**Exercise instructions:** Reproduce the data exactly and drop any pictures it holds.

**Exercise data:**
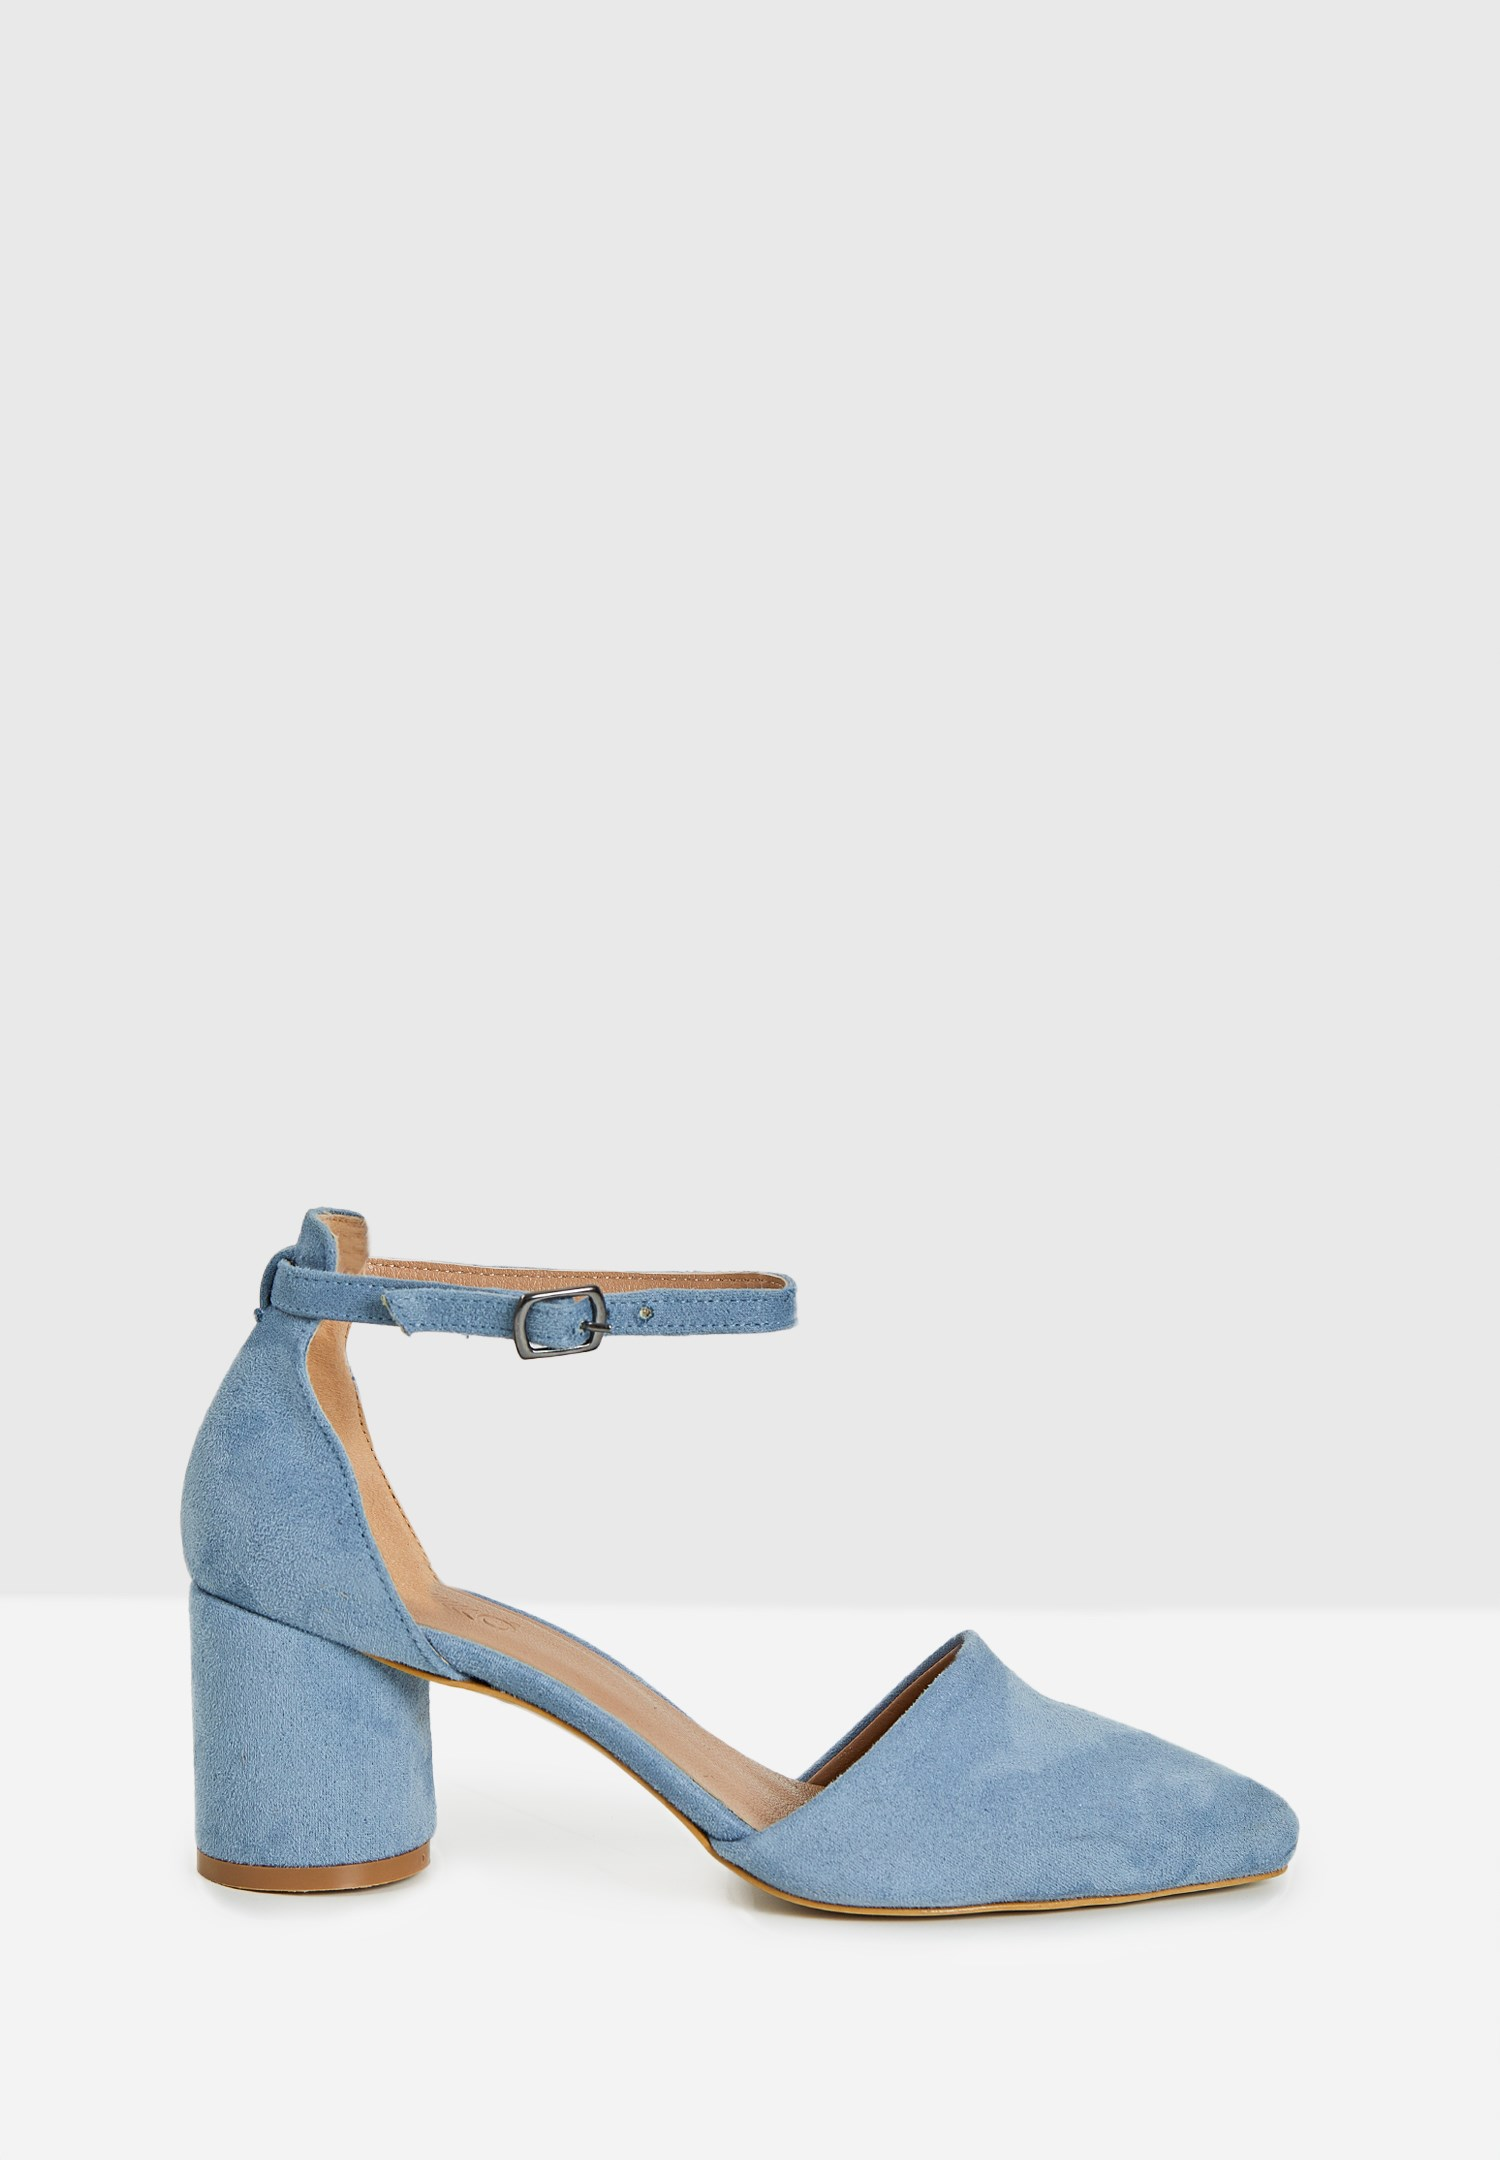 Bayan Mavi Toka Detaylı Yuvarlak Topuklu Ayakkabı
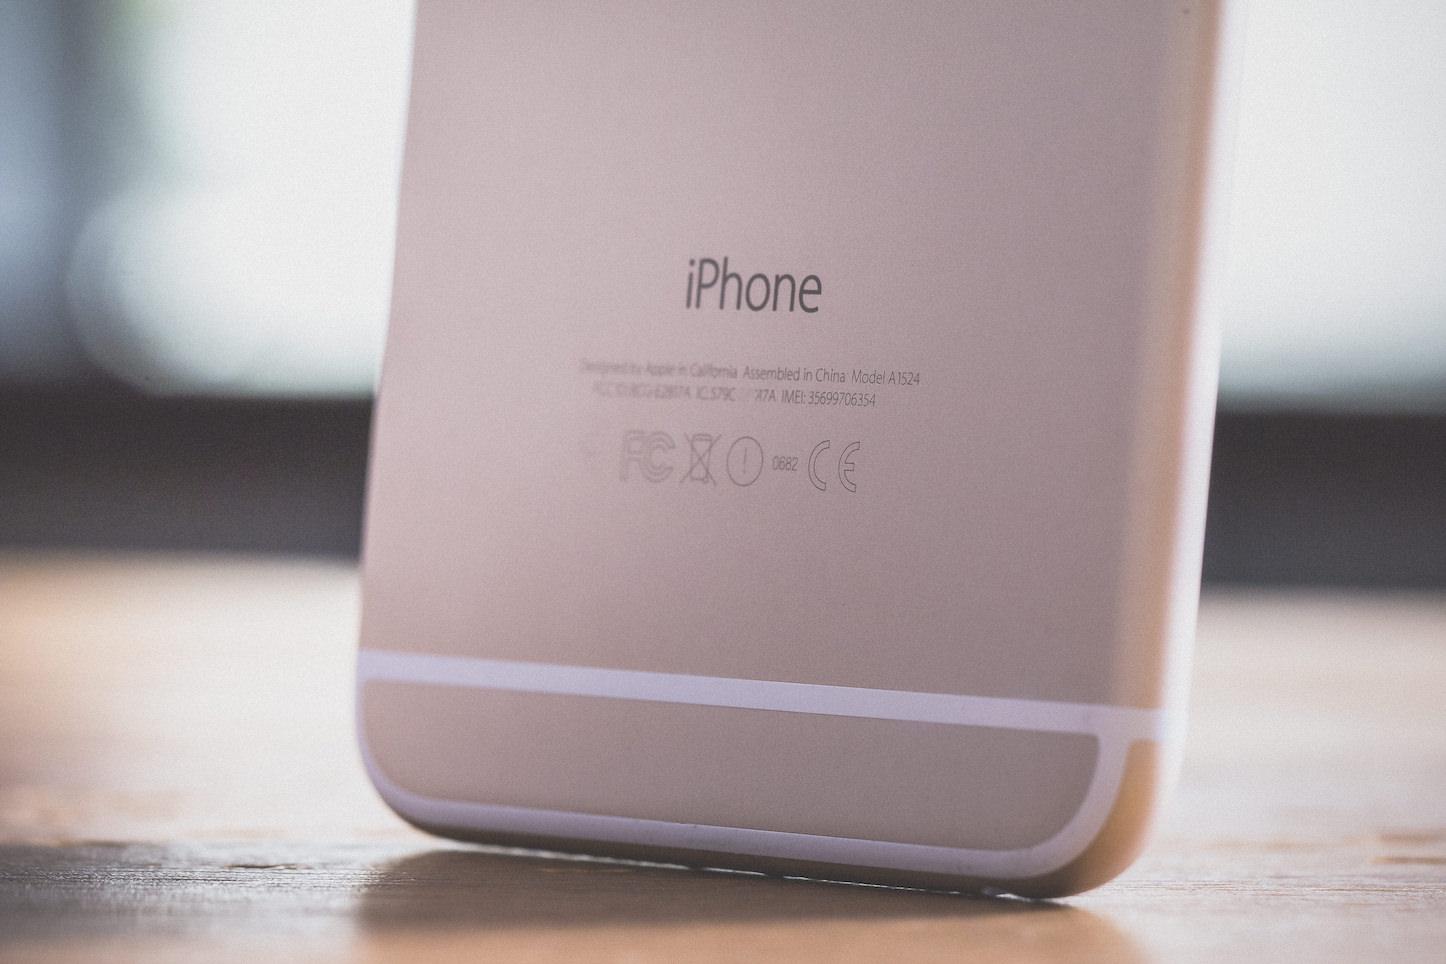 iphone-6-plus-back-panel.jpg
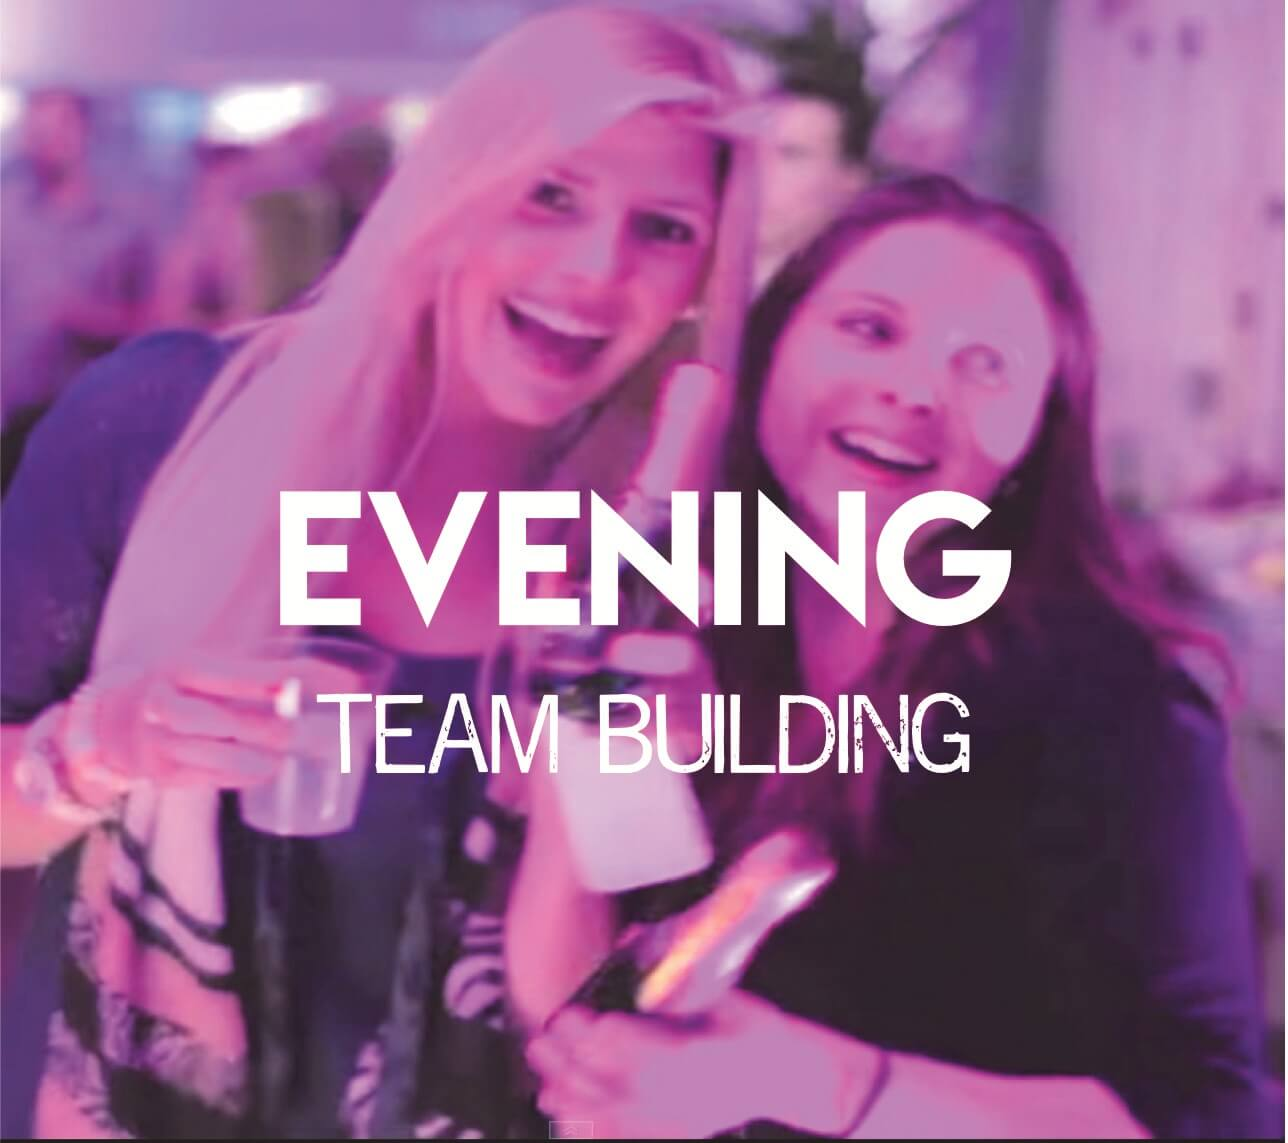 Evening Team Building

**Exercise response:**
 Bayan Mavi Toka Detaylı Yuvarlak Topuklu Ayakkabı
 iphone-6-plus-back-panel.jpg
 Evening Team Building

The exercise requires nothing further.